2.2.2. One-Dimensional CSS Experiment

The setup of the one-dimensional CSS experiment is shown in Figure 2. The CSS experiment was performed in a one-dimensional sandpack model (3.8 cm in diameter and 48 cm in length) made of Hastelloy C276. Its maximum operating pressure and temperature were 50 MPa and 450 °C, respectively. The pump was used to inject water and heavy oil into the sandpack model. Its minimum injection rate can reach 0.01 mL/min. The steam generator was used to heat the water provided by a pump to the specified injection temperature, and its maximum working pressure and the temperature reached 35 MPa and 450 °C, respectively. A temperature control system was used to control the sandpack model temperature by six belt heaters (power 3500 W) surrounded by the sandpack surface, and a pressure probe together with a computer was used to monitor the sandpack pressure. The products were cooled to 60 °C through the cooling system and condenser to avoid damage to the back-pressure regulator (BPR). The BPR, together with a hand pump, was used to adjust the sandpack model pressure. The gas–liquid separator separated the products into the liquid and gas phases. An electronic balance and a gas meter were used to measure the mass of the liquid and gas volume. The gas was collected in 500 mL gas bags and analyzed by the gas chromatograph.

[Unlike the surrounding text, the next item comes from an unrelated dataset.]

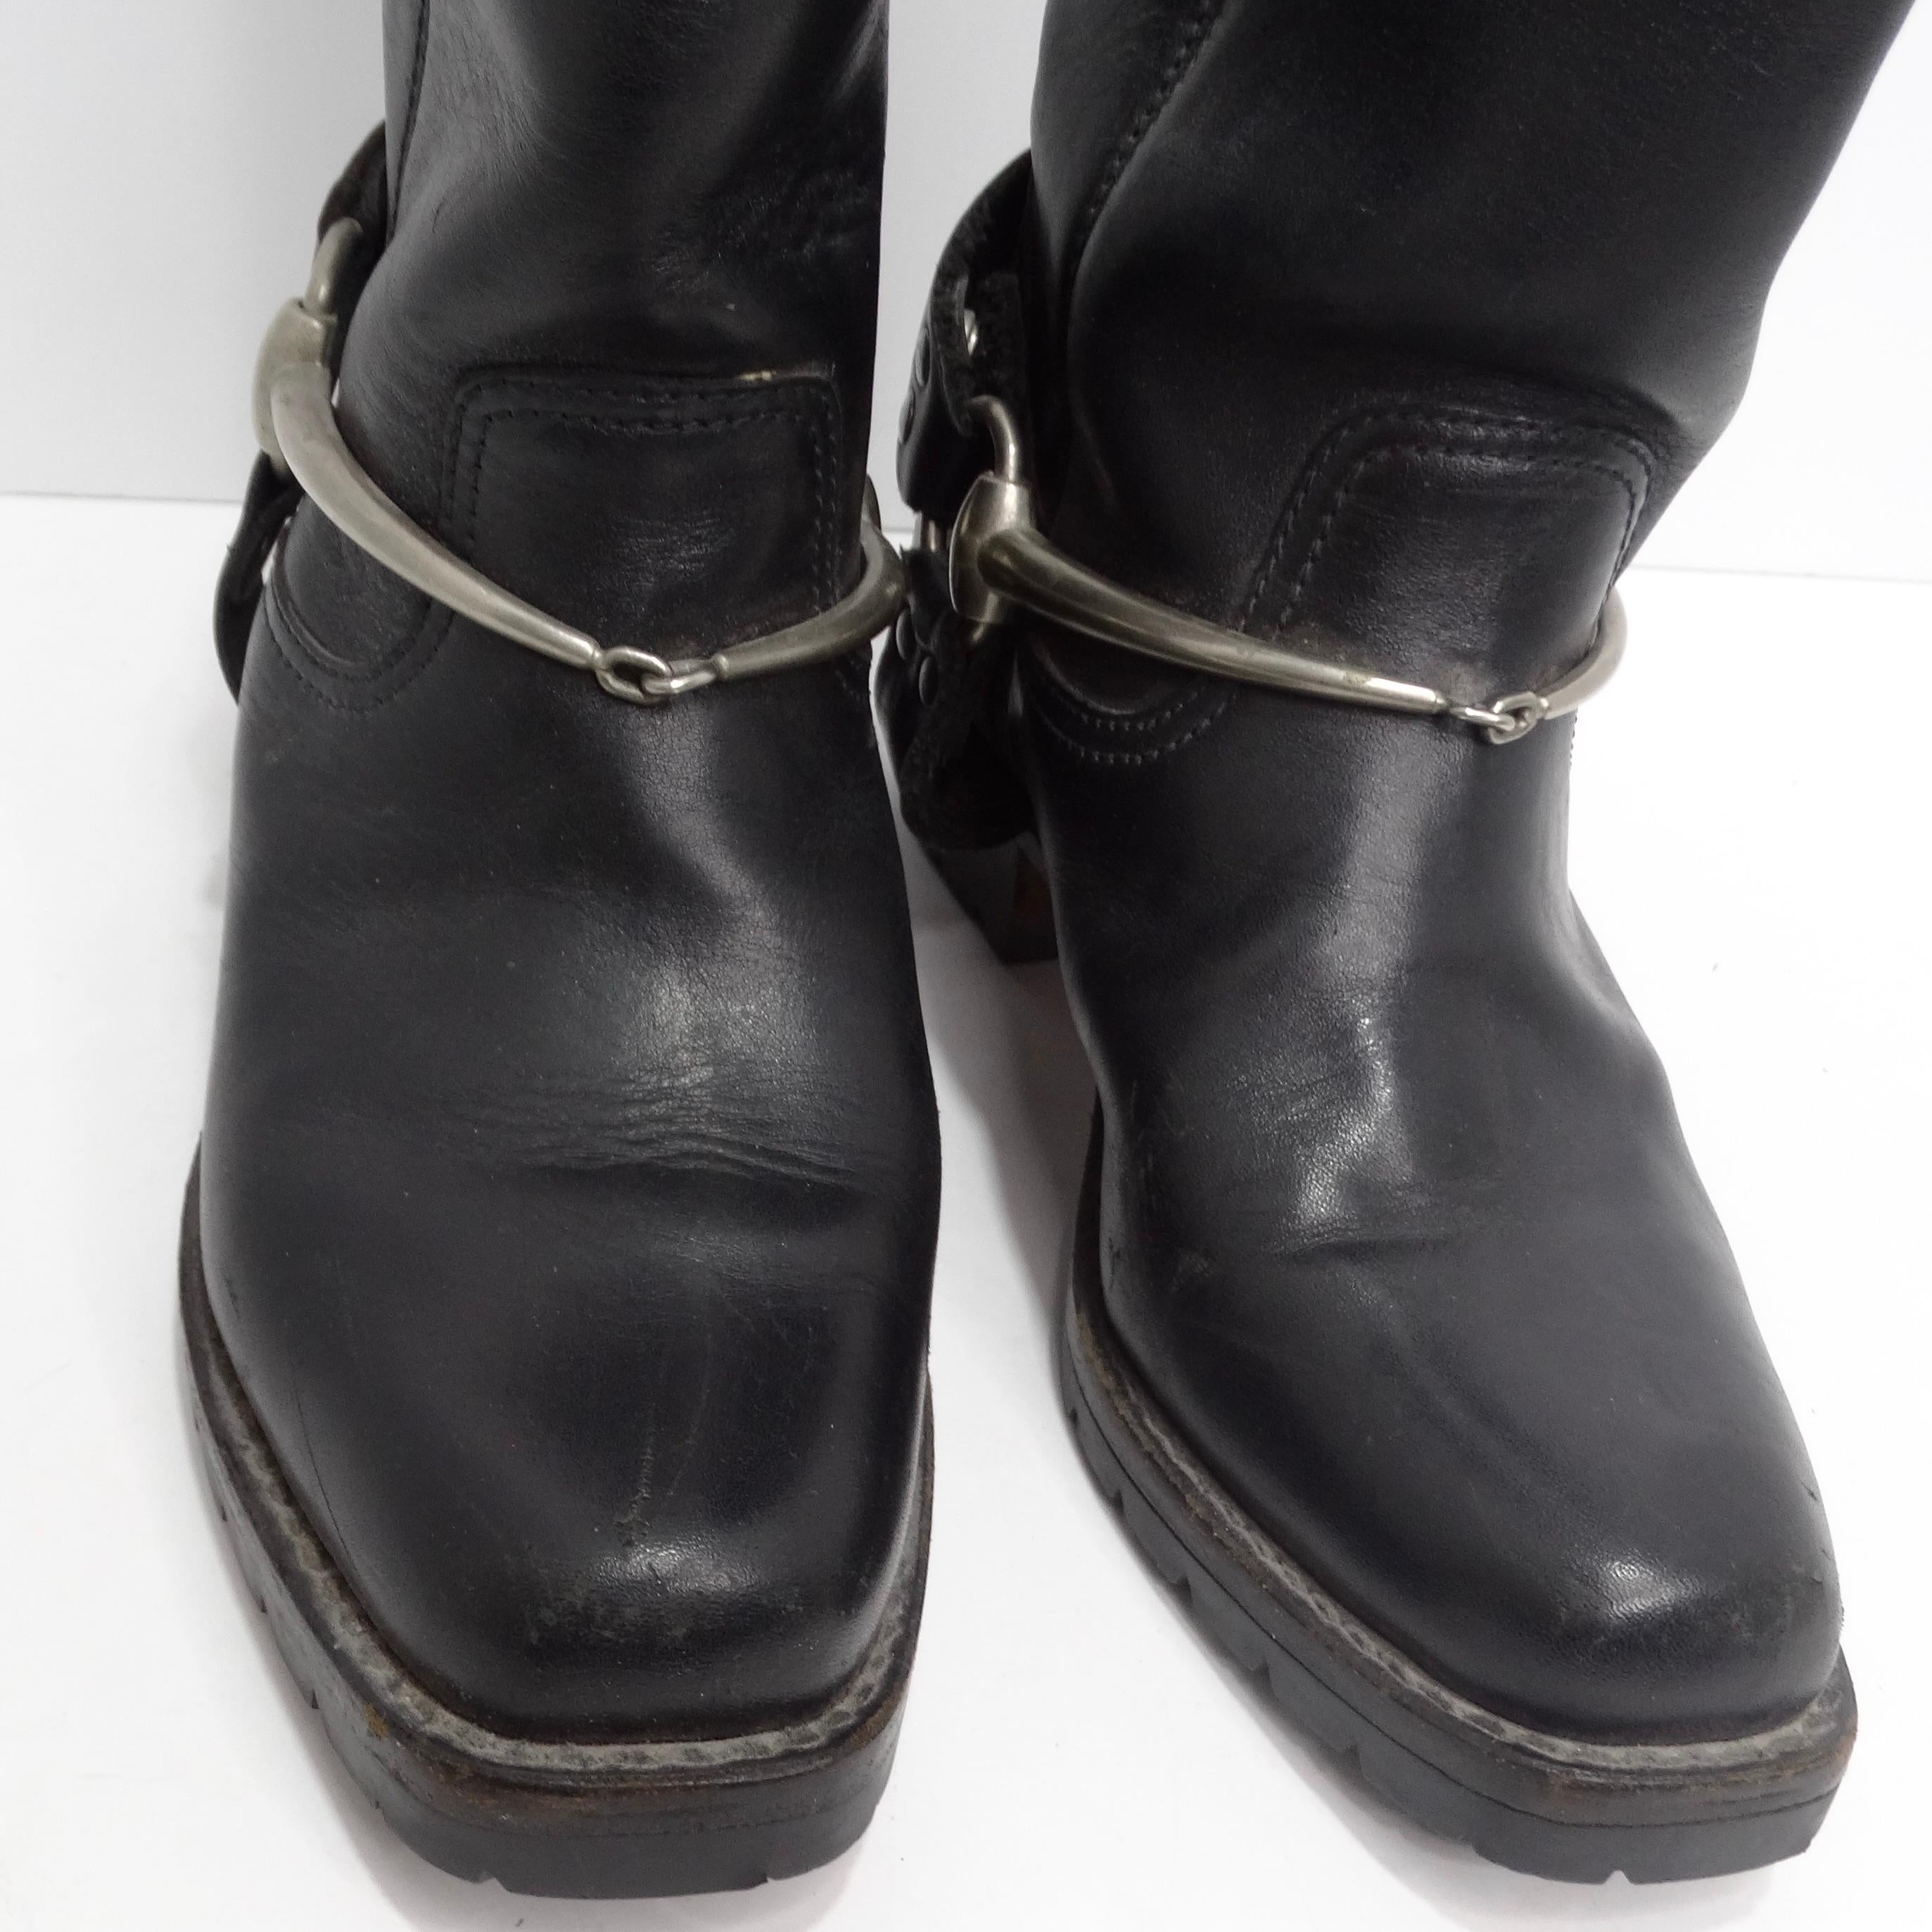 Gucci Black Leather Vintage Motorcycle Boots In Good Condition For Sale In Scottsdale, AZ

2.3. Experimental Procedures

2.3.1. Aquathermolysis Experiments

The autoclave reactor with 50 g heavy oil and 25 g water was sealed. Inspection for leakage was completed after N2 was used to evacuate the air in the autoclave reactor (repeated three times). Then, the thermal control system controlled the electric furnace to heat the reactor at a rate of 8 K/min. When the temperature reached 100 °C, the magnetic stirrer started to stir the fluid in the reactor at a stirring rate of 600 rpm. After the temperature in the reactor reached the predetermined experimental temperature, the reactor was heated at a constant temperature for a certain reaction time. Once the aquathermolysis reaction was completed, the reactor was rapidly cooled with forced air to avoid the influence of steam on the experimental results. Finally, the gas products were collected in 500 mL gas bags and analyzed by the gas chromatograph. According to the aforementioned process, a series of aquathermolysis experiments were conducted to examine the effects of temperature (270 °C and 300 °C) and time (0.5 d and 2 d) on gas products.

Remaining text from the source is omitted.